Rayburn was anxious to point out that the shifts in business from one CDN to another aren’t whims from the content providers, but the realisation that – in a market with low loyalty and huge risks for the content provider – a reflection that CDNs who don’t deliver create business problems for their content provider customers.

“What nobody seemed to want to write about is that Netflix was issuing credits to its customers for poor service. Investors get blinded by the information they get from these companies about growth, but no one wants to talk about what the customers are getting,” Rayburn says. “And if I’m a content provider, that is what’s important to me.”

The volatility in the CDN market, which has gone through two booms already inside a decade – coupled with the poor margins for pure-play CDNs in delivering video – might mean that the online video boom could be delivered increasingly by local service provider CDNs.




CDNs: from standalone to ISP

The traditional CDN model houses content off-net, but in geographically-dispersed servers. The benefits are improved performance for consumers and improved resilience in case of network problems. Long-established providers such as Akamai and Limelight partnered with content providers and have diversified to create a business that helps all types of websites run faster, more reliably and with better targeting for advertisements.

Global carriers have long been expected to create competition, but Level 3 is the only one which has created a dominant CDN business. Others, notably AT&T, have created their own on-net CDN offerings – but the large investment, small size of the market and low margins have slowed investment.
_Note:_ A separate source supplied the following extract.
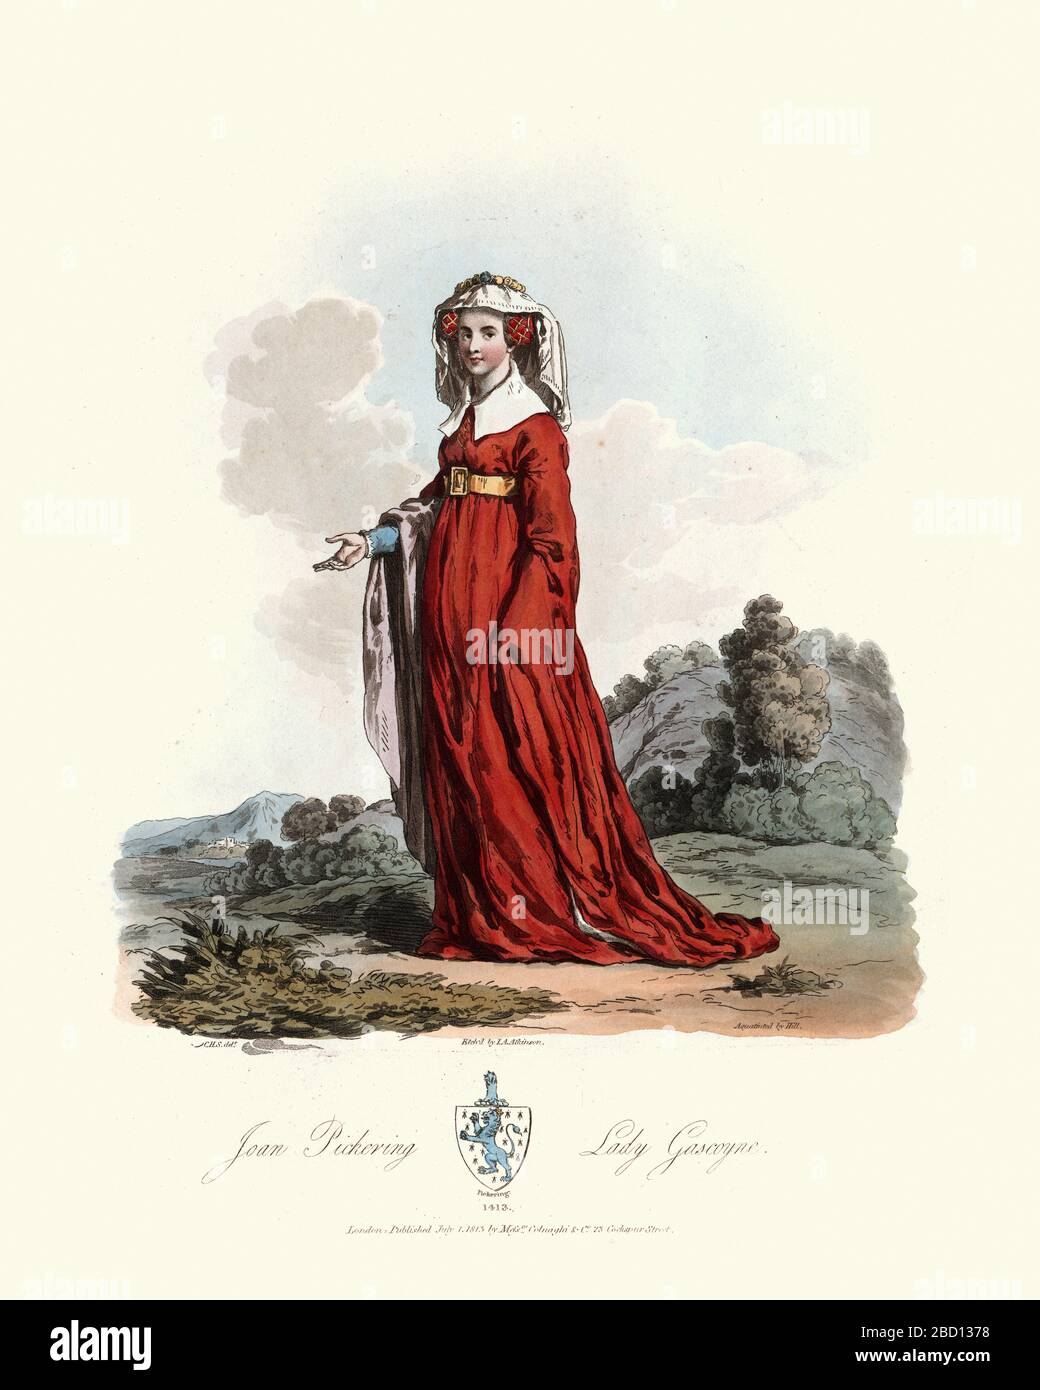 Moda medieval, joven mujer medieval con un largo vestido rojo. Joan de Pickering, Lady Gascoigne, siglo XV. Esposa de Sir William Gascoigne. Foto de stock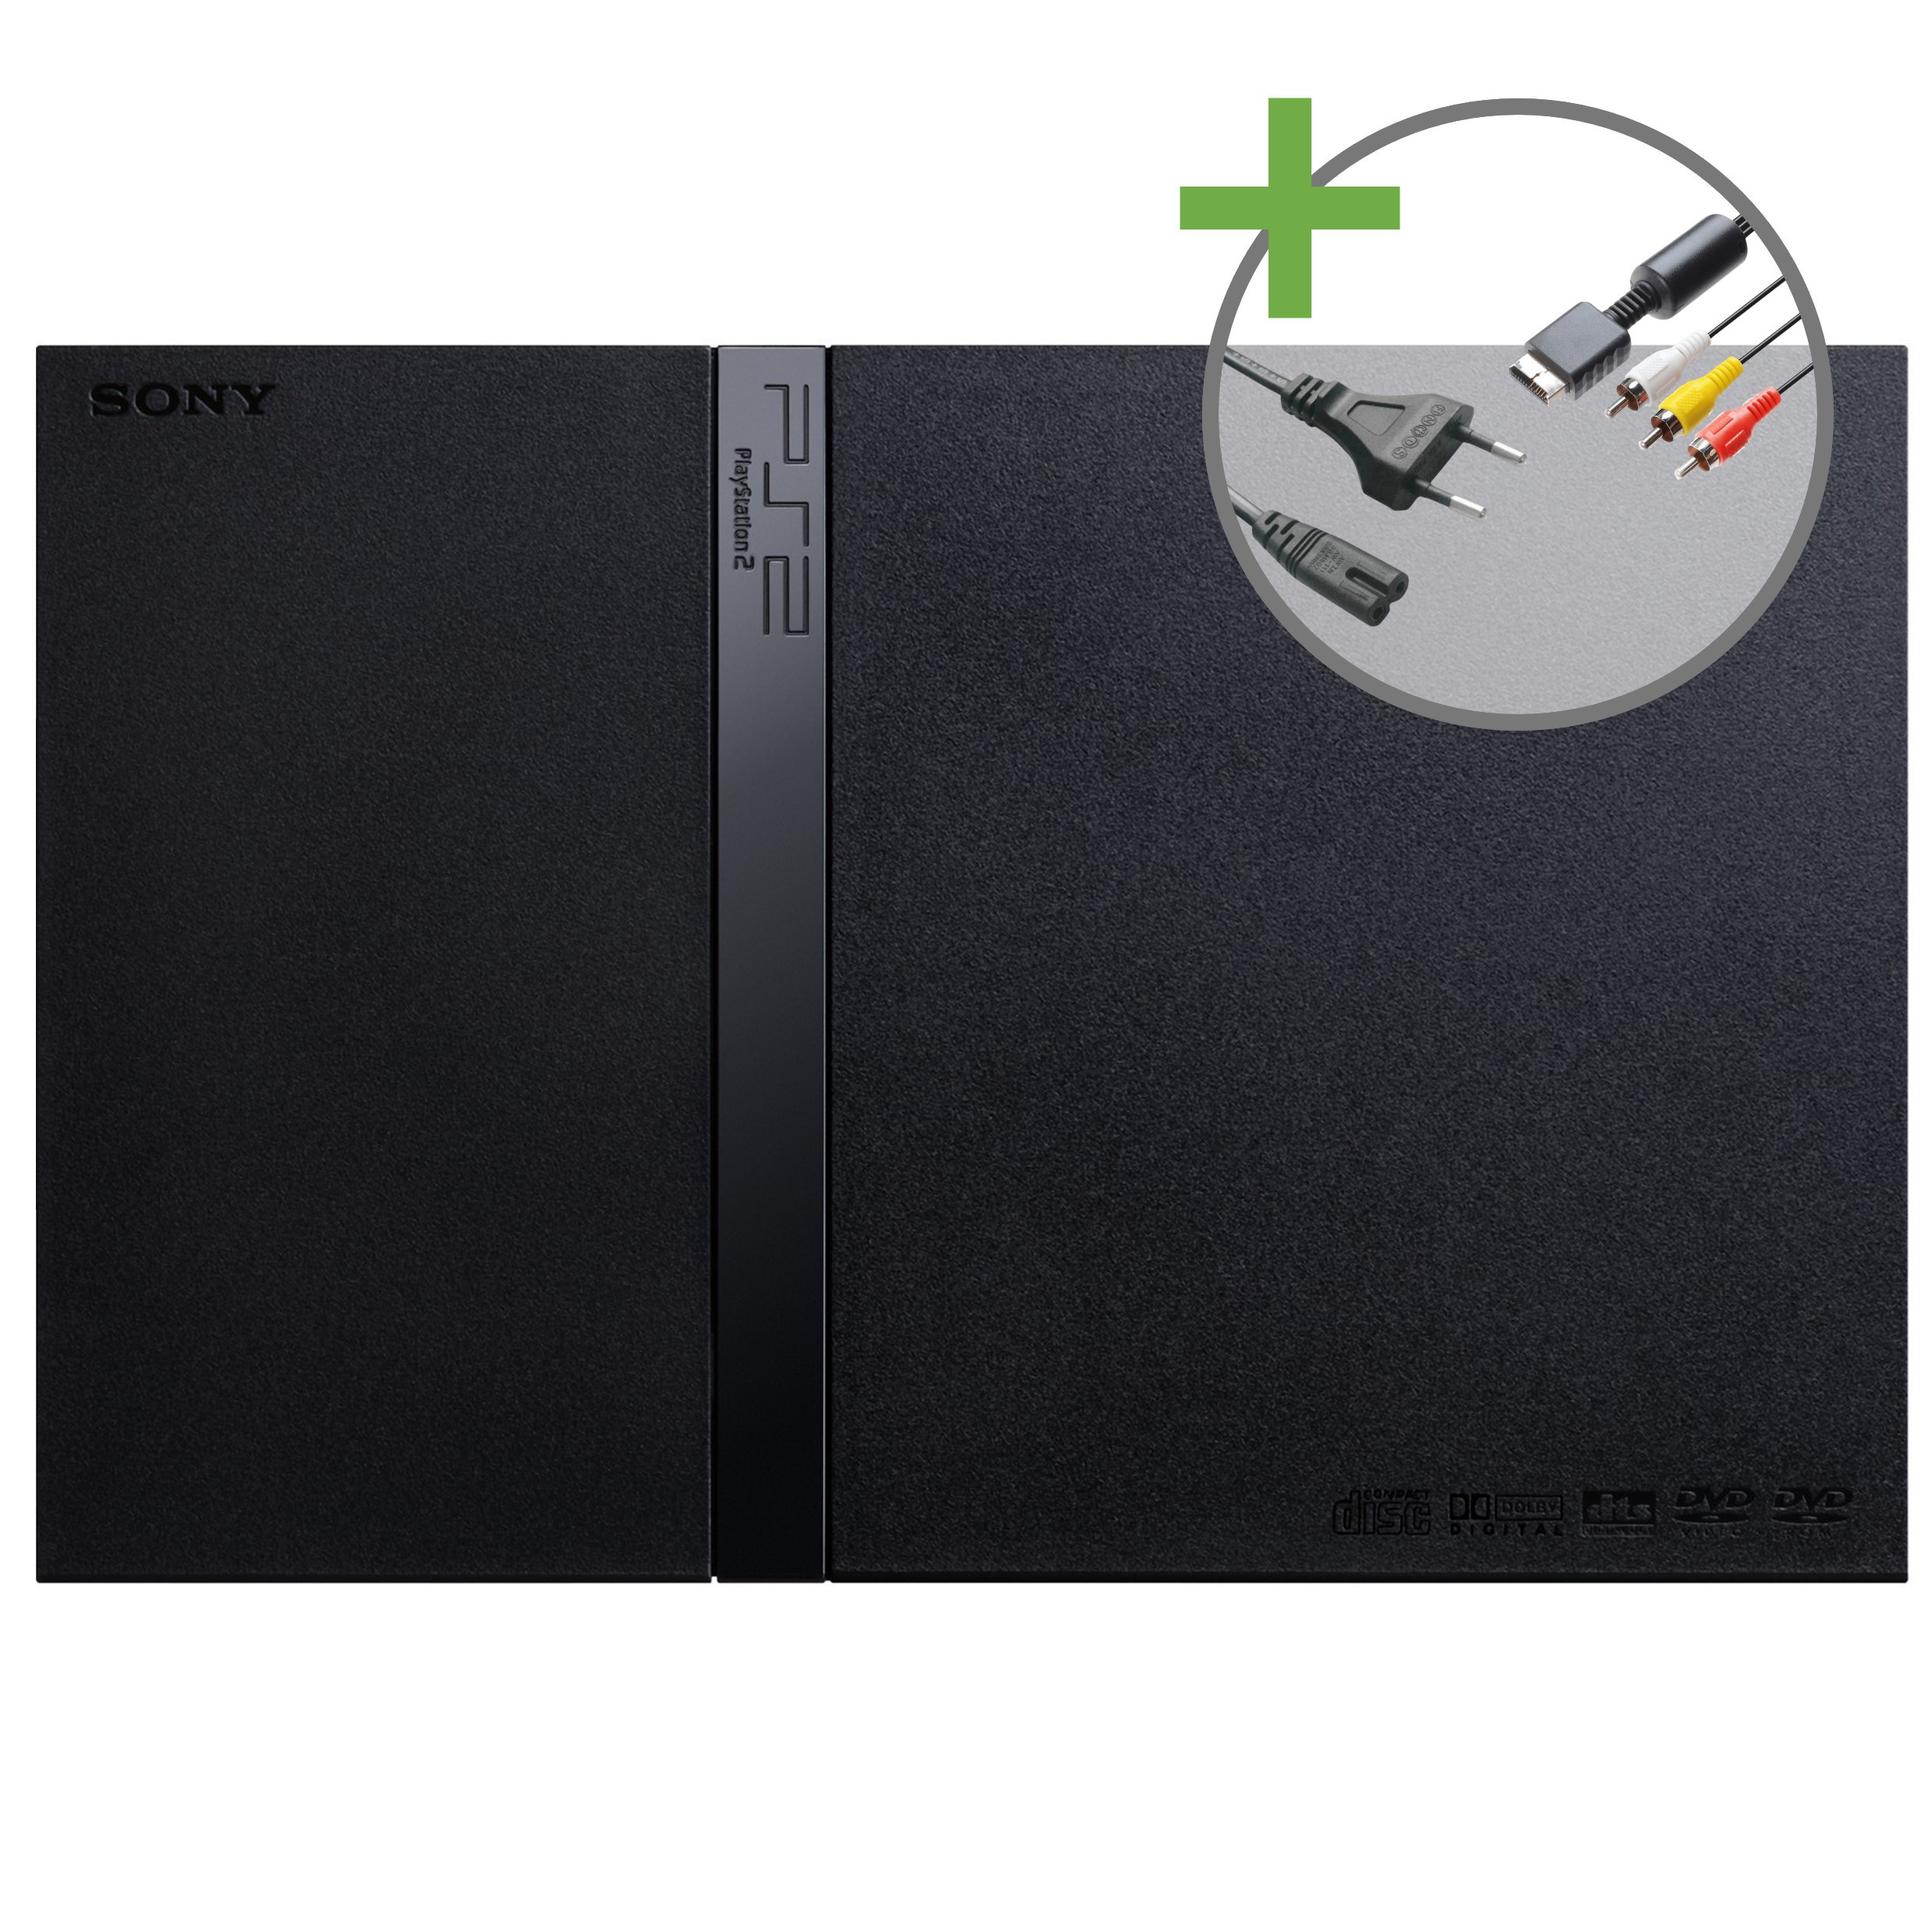 Sony PlayStation 2 Slim Starter Pack - Black Edition - Playstation 2 Hardware - 3

For the next generation of CDNs, especially those delivering video, it may be that ISPs and cable providers have a larger role. While they do not have global scale, they are able to offer more control over the quality of service to the consumer.




The value in value-added services

Whatever the threats to the profitability of their core business, diversification has protected the profitability and customer relationships of Akamai, Limelight and Level 3, which combine to serve at least two-thirds of the market.

Limelight has businesses in managed hosting, web development, interactive advertising, content management, DRM and e-commerce, as well as advertising: for example, in December 2009 it acquired Eyewonder for $110 million, which provides online campaign management. The businesses are complementary, not least because Eyewonder was previously paying CDN fees to Limelight.

Akamai was the first, and the most aggressive, diversifier. Today, for example, analyst Trefis estimates that online shopping content delivery accounts for around one third of its stock price – more than media content. Trefis adds that three out of four Akamai customers buy at least one value-added service, such as dynamic site acceleration or application performance.

In April 2010, EdgeCast Networks closed a $10 million financing from venture capital firm Menlo Ventures. It plans to use the funds to develop and launch value added services and expand its global network to meet surging customer demand. “Devices and content are coming online faster than ever,” said Alex Kazerani, CEO of EdgeCast, “and this investment will help us scale up to meet the demand that has surpassed even our most optimistic expectations.” EdgeCast won Capacity’s Best Market Innovation award in November 2009 in recognition of its successful global CDN and its agreements with Deutsche Telekom, Global Crossing and Dogan Telekom to offer partners an outsourced CDN solution.